### [Required work]
Only the lines below from the one containing "BAHAMA Unisex Blue" to the one containing "The Charlotte Soccer" should be repeated, both included and unchanged.

### [Exercise data]
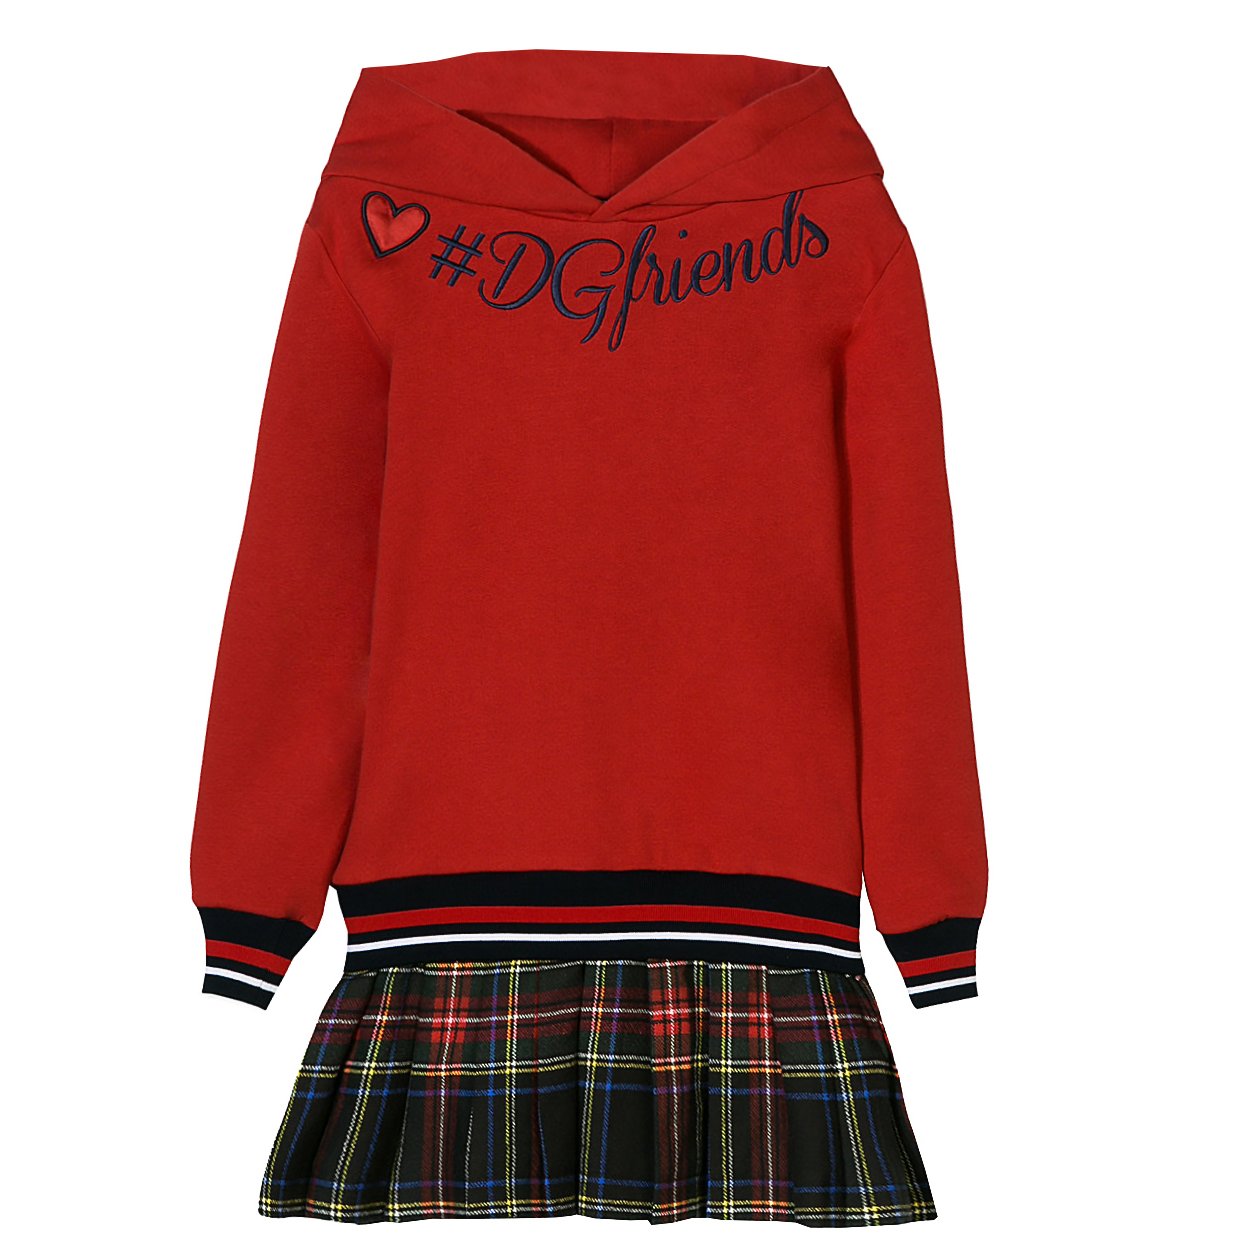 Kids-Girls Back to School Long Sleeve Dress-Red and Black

---

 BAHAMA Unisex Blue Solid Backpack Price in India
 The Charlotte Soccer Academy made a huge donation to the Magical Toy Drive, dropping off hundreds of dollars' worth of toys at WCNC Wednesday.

* * *

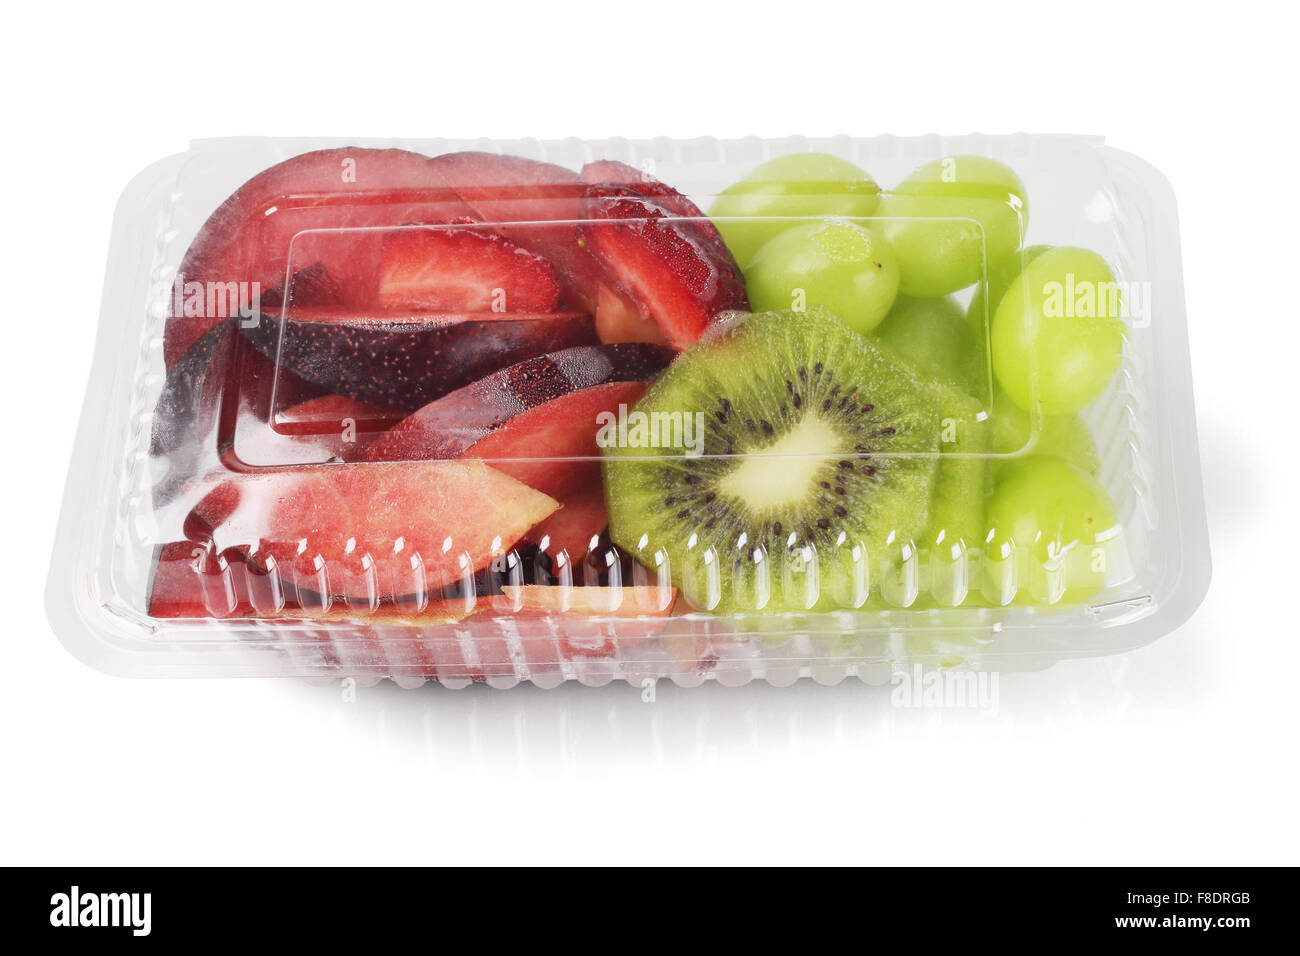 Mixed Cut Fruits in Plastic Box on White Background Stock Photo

### [Expected answer]
 BAHAMA Unisex Blue Solid Backpack Price in India
 The Charlotte Soccer Academy made a huge donation to the Magical Toy Drive, dropping off hundreds of dollars' worth of toys at WCNC Wednesday.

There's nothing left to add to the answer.